After shipping, we started to uncover some things with the radar that were not mature enough; the radar was way ahead of its time. There were two tubes, an A tube, and a B tube, that had two displays. There were germanium transistors that we couldn’t source anymore, and there were magnetron tubes which were difficult to produce. Occasionally, we had an issue with the magnetron. I had two guys who were down in the bowels at the Lab who told me what was wrong. We ended up fixing some of those things and I went through two or three ECPs with AIL at the time. But I was smarter, having seen what happened years before on the Q4 program about making the rules. Now I’m the system engineer and I got a young contracting officer with me and we’re negotiating one of the jobs.
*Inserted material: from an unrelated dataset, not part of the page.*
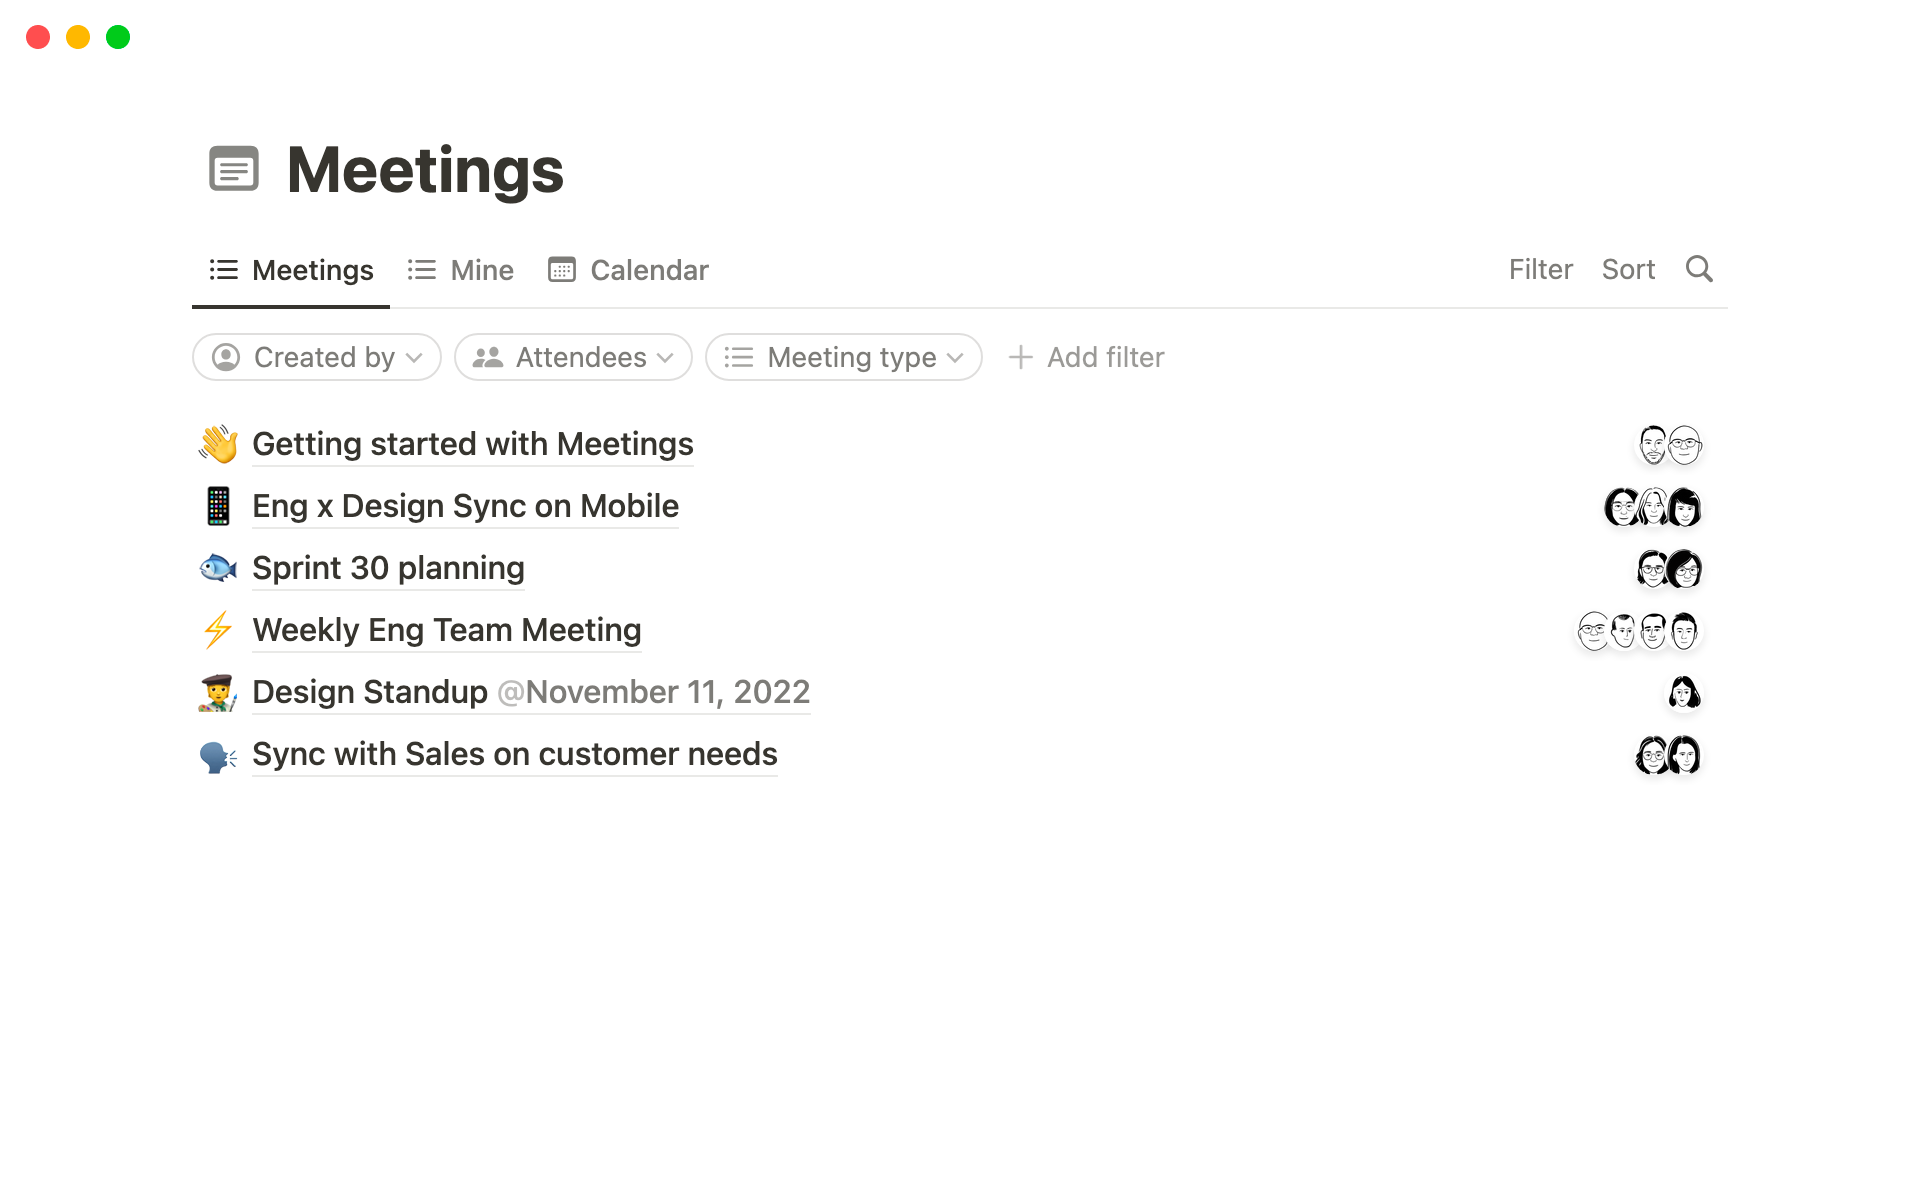 Organize team meetings in one place, with agendas, notes, and a calendar view.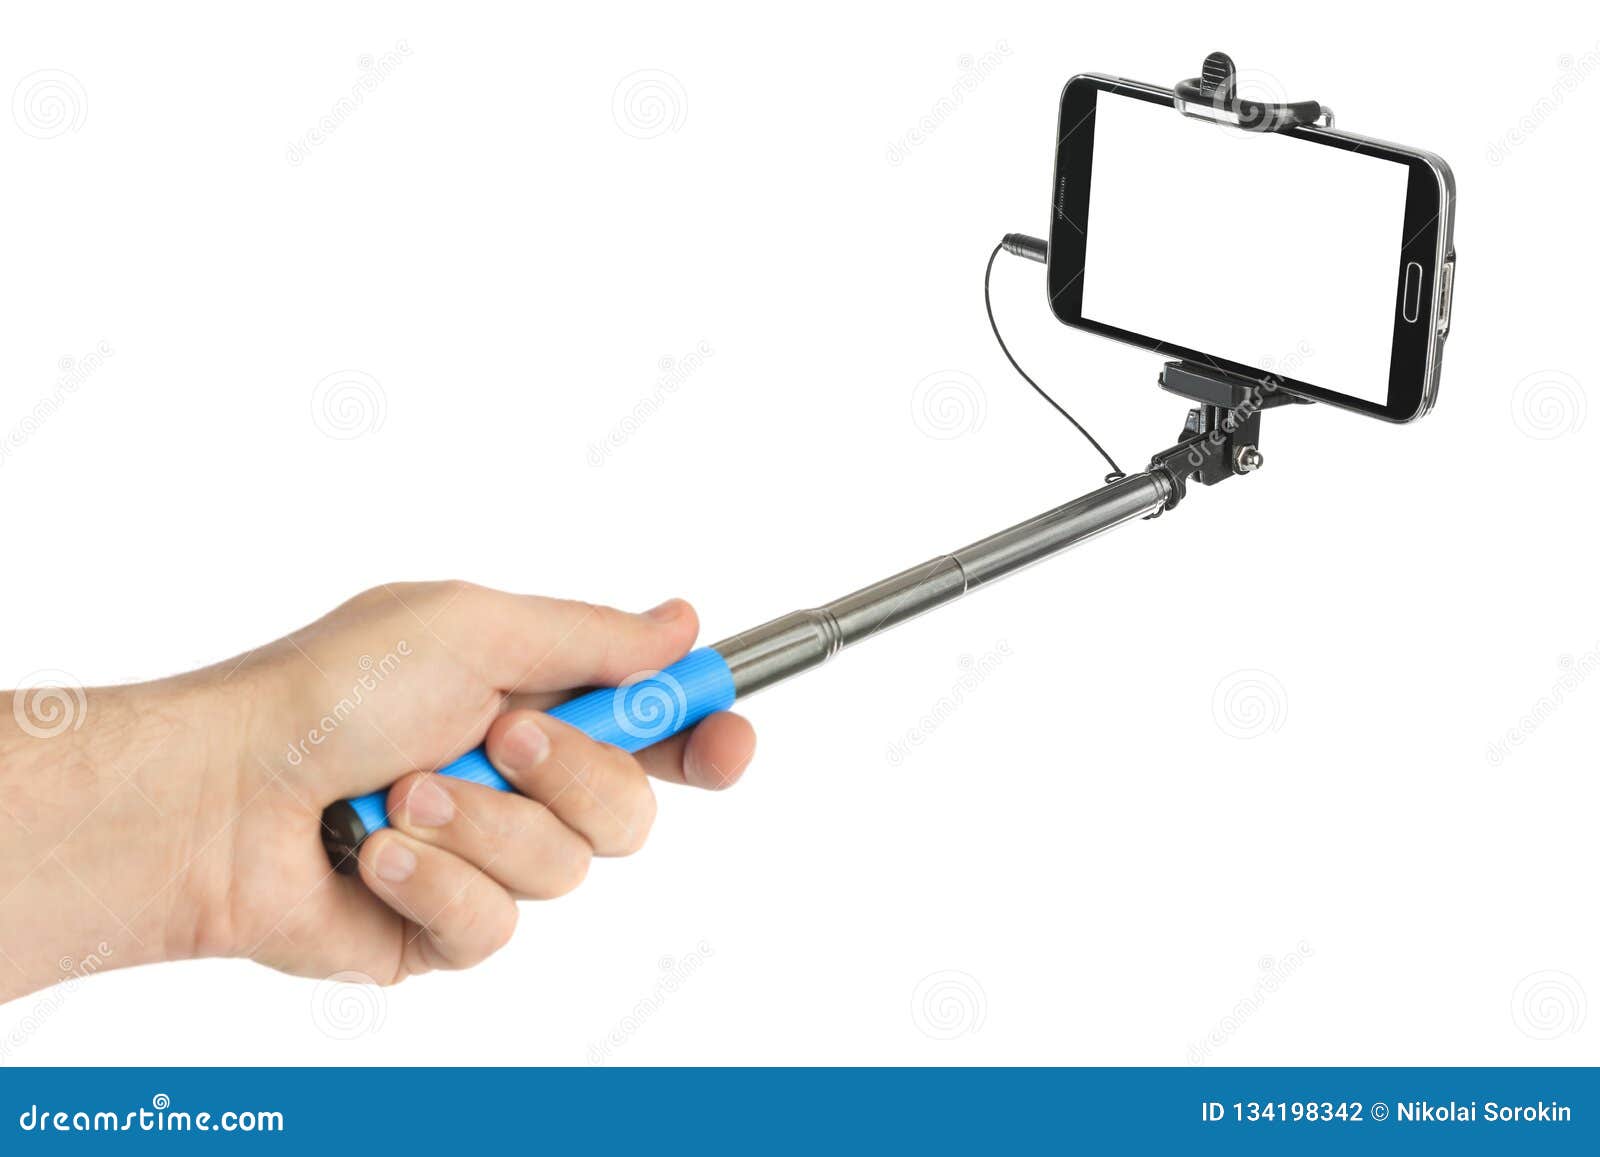 hand and smartphone with selfie stick

We have a solid-state local oscillator, a Gunn diode that worked very well, so we ended up putting that in the radar. About 30 radars were already built so we had to retrofit them, which meant the whole front end had to come out.
I had a radar back in my office. I took the front end apart myself, put it back together a couple of times. Then I knew how to do it and how long it took me, which was 6 hours the first time. After I did a couple of times, it took me 3 hours. AIL bid 30, 40, or 50 hours, something like that. Since it took me three hours I wouldn’t agree to their numbers during the negotiations. (I didn’t tell them I had disassembled it myself.) The AIL program manager, Hank, was a guy I had dealt with before and was a good friend of mine, as well as the PM for the contract. He didn’t really get along with his production guy. They were at odds, and these were the production guy’s numbers. I didn’t know that at the time. I told him that we would not accept their estimate of time, that it wasn’t defensible. The contracting officer nudged me and told me to go easy, that we couldn’t defend our position. The production guy claimed he had verified the repair time. So, I asked him to bring a radar and a tool kit to negotiations, and he couldn’t believe it, neither could the contracting officer. They brought a radar on a cart and a tool kit and went to lunch while I proceed to disassemble it. When negotiations resumed, I noted that it had been four hours, and I was almost done. What did they plan to do about their estimate? I knew they had to create documentation and other things. They brought down their estimate by half, which was still high, but nobody could believe that they moved that much. We accepted it.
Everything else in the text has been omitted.